Par ailleurs, les régimes restrictifs sont bien régulièrement à l’origine d’envies irrésistibles d’aliments que j’aime appeler « aliments doudous » et qui nous apportent plaisir et réconfort. Plus on se prive d’un aliment, plus il nous fait envie. En effet c’est la notion d’interdit qui nous incite à la consommation. Si ce cookie vous fait envie et que vous vous l’autorisez, vous n’aurez pas envie de « craquer » dessus puisque vous savez que vous pouvez le manger quand vous en avez envie. En revanche, s’interdire ce cookie qui nous fait envie nous entretient dans ce schéma d’interdit qui nous poussera inévitablement tôt ou tard vers cet aliment « interdit » qui ne sera alors plus associé au plaisir mais à la culpabilité voire l’angoisse. Pour vous réconforter vous irez alors instinctivement vers ces aliments doudous étant donné qu’ils entrainent un effet de bien-être. Vous voyez où je veux en venir ? C’est un cercle vicieux infernal privation – frustration – compulsion – culpabilité.

Conclusion

À l’heure actuelle, aucune dépendance au sucre n’a été constatée chez l’Homme et il n’existe aucune preuve qu’un aliment spécifique ou ingrédient provoque une dépendance (à l’exclusion de la caféine et de l’alcool faisant intervenir d’autres métabolismes).

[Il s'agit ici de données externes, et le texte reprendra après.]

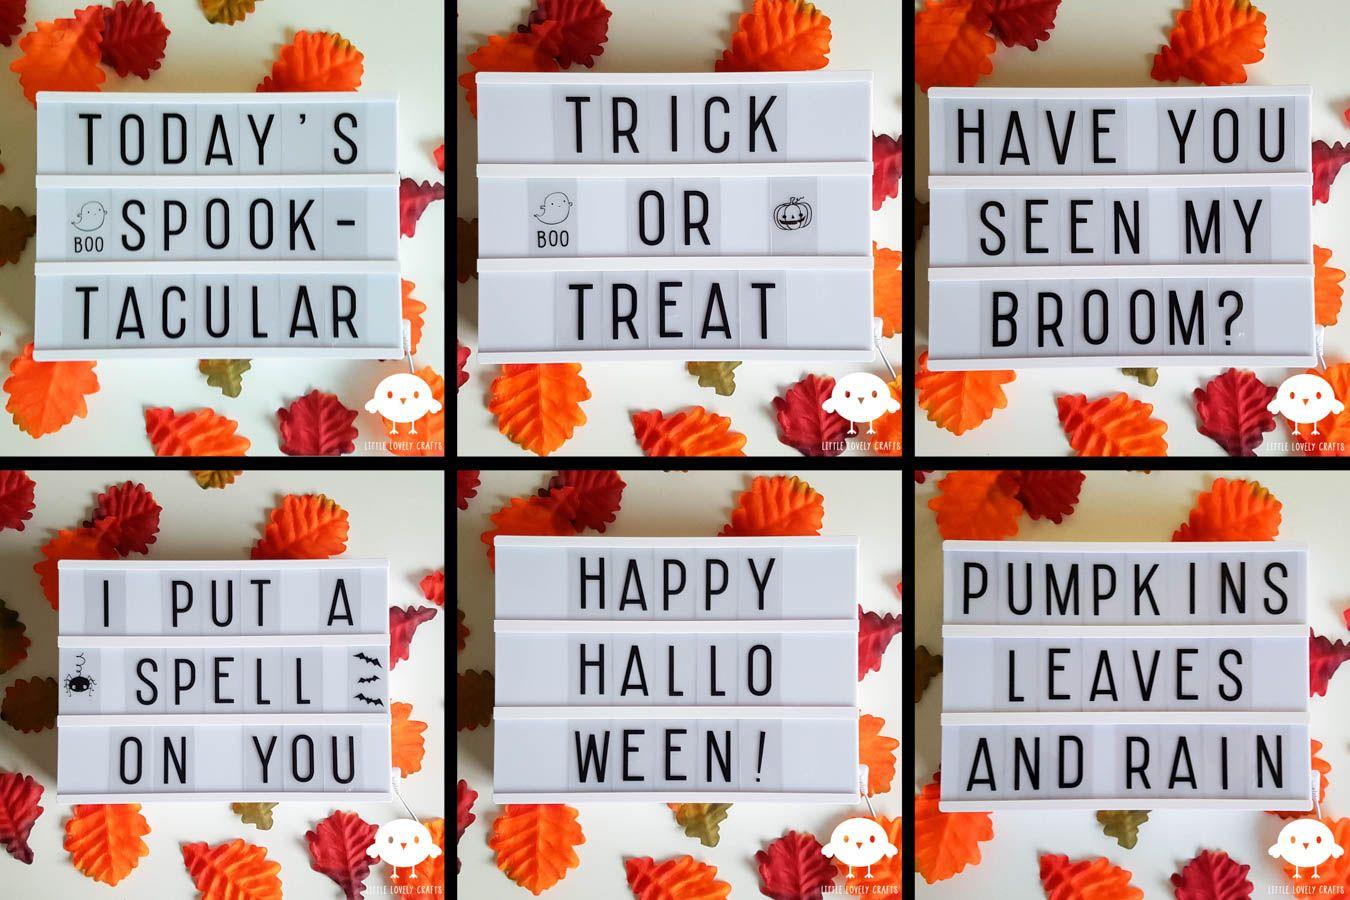 Lightbox Ideas For Halloween Light Box Quotes Cinema Light Box Quotes Light Box Sign

Ce qu’il faut comprendre, c’est qu’il faut davantage parler de comportement addictif au fait de manger plutôt que d’addiction alimentaire. Le fait de stigmatiser le sucre et de le placer dans une position de criminel renforce l’interdit général et le désir de consommation entrainant sans étonnement comportements compulsifs et troubles du comportement alimentaire. Le plaisir peut exister sans entrainer de la dépendance et le sucre a tout à fait sa place dans notre alimentation si sa consommation reste raisonnée.